Background: Although laparoscopic hepatectomy (LH) and radiofrequency ablation (RFA) are the 2 principal minimally invasive surgical approaches and the first line of treatments for patients with hepatocellular carcinoma (HCC). It is not clear which one has greater safety and efficacy. In this meta-analysis, we aim to compare the safety and effectiveness of LH versus RFA for patients with HCC, especially where perioperative and postoperative outcomes differrent.
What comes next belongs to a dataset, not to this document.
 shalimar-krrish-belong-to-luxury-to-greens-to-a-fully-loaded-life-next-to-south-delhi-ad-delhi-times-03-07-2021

Methods: In PROSPERO, a meta-analysis with registration number CRD42021257575 was registered. Using an established search strategy, we systematically searched Web of Science, PubMed, and Embase to identify eligible studies before June 2023. Data on operative times, blood loss, length of stay, overall complications, overall survival (OS) and recurrence-free survival (RFS) were subjected to meta-analysis.
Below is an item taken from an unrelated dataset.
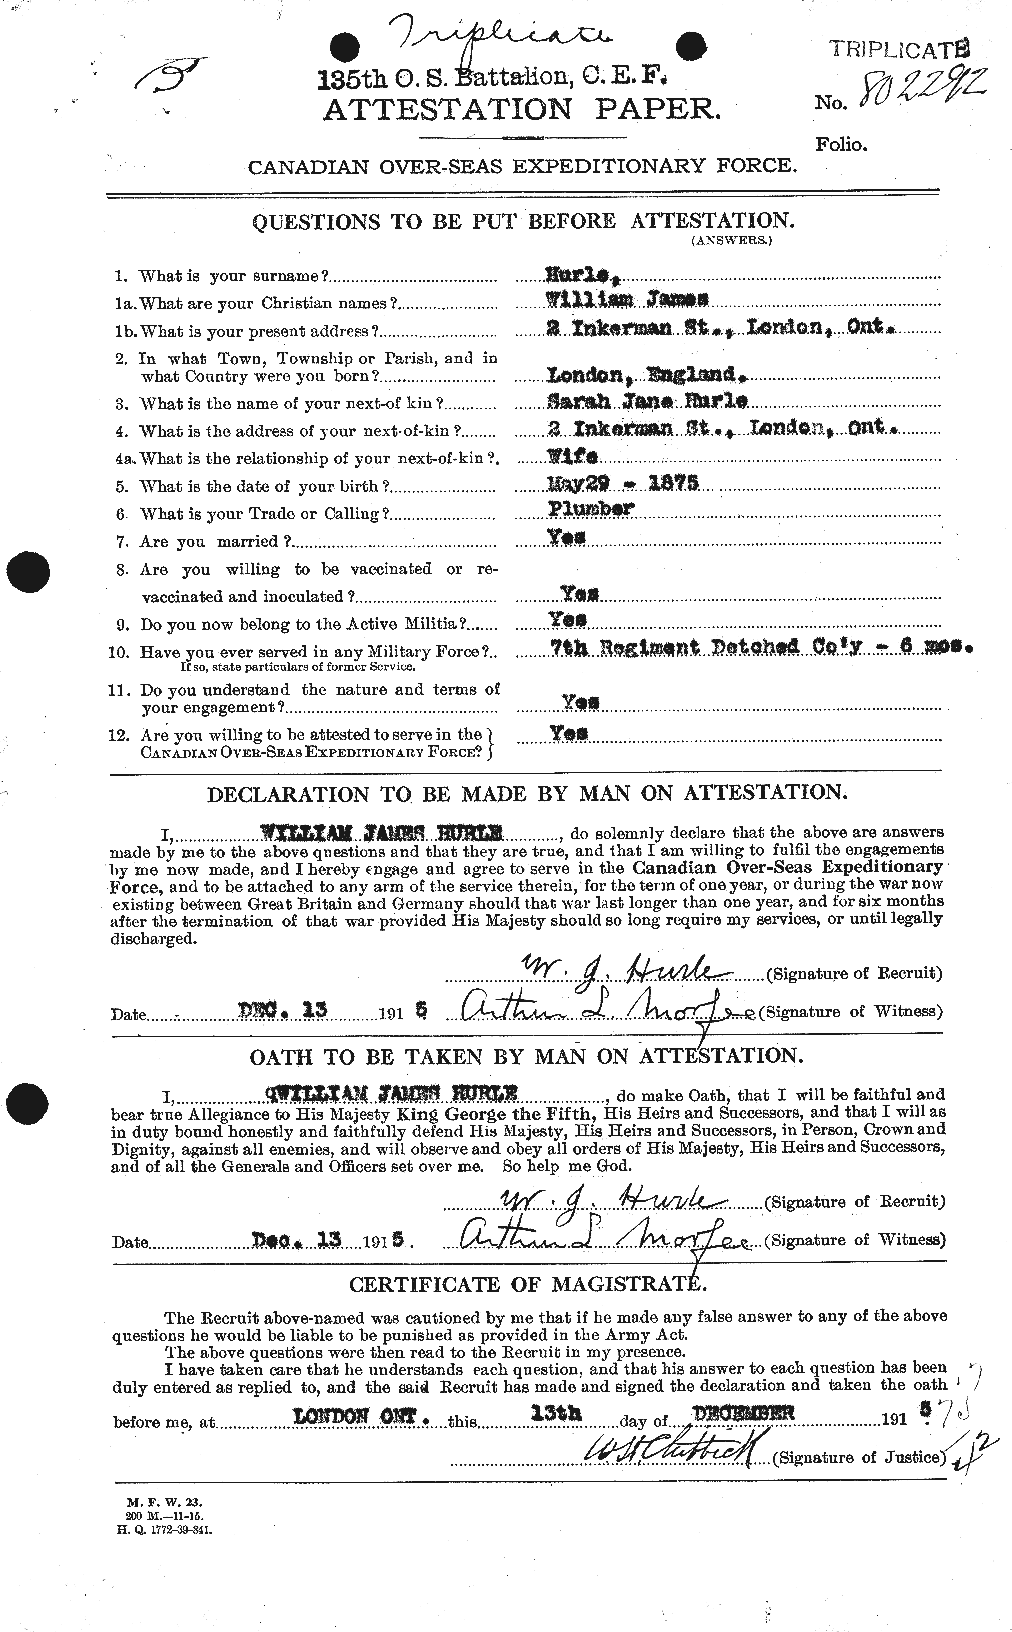 Personnel Records of the First World War - CEF 408527a

Results: Overall, the present meta-analysis included 8 retrospective and 6 PSM studies comprising 1,848 patients (810 and 1,038 patients underwent LH and RFA). In this meta-analysis, neither LH nor RFA showed significant differences in 1-year and 3-year OS rate and 5-year RFS rate. Despite this, in comparison to the RFA group, LH resulted in significantly higher 1-year(p<0.0001) and 3-year RFS rate (p = 0.005), higher 5-year OS rate (p = 0.008), lower local recurrence rate (p<0.00001), longer length of stay(LOS) (p<0.0001), longer operative time(p<0.0001), more blood loss (p<0.0001), and higher rate of complications (p=0.001).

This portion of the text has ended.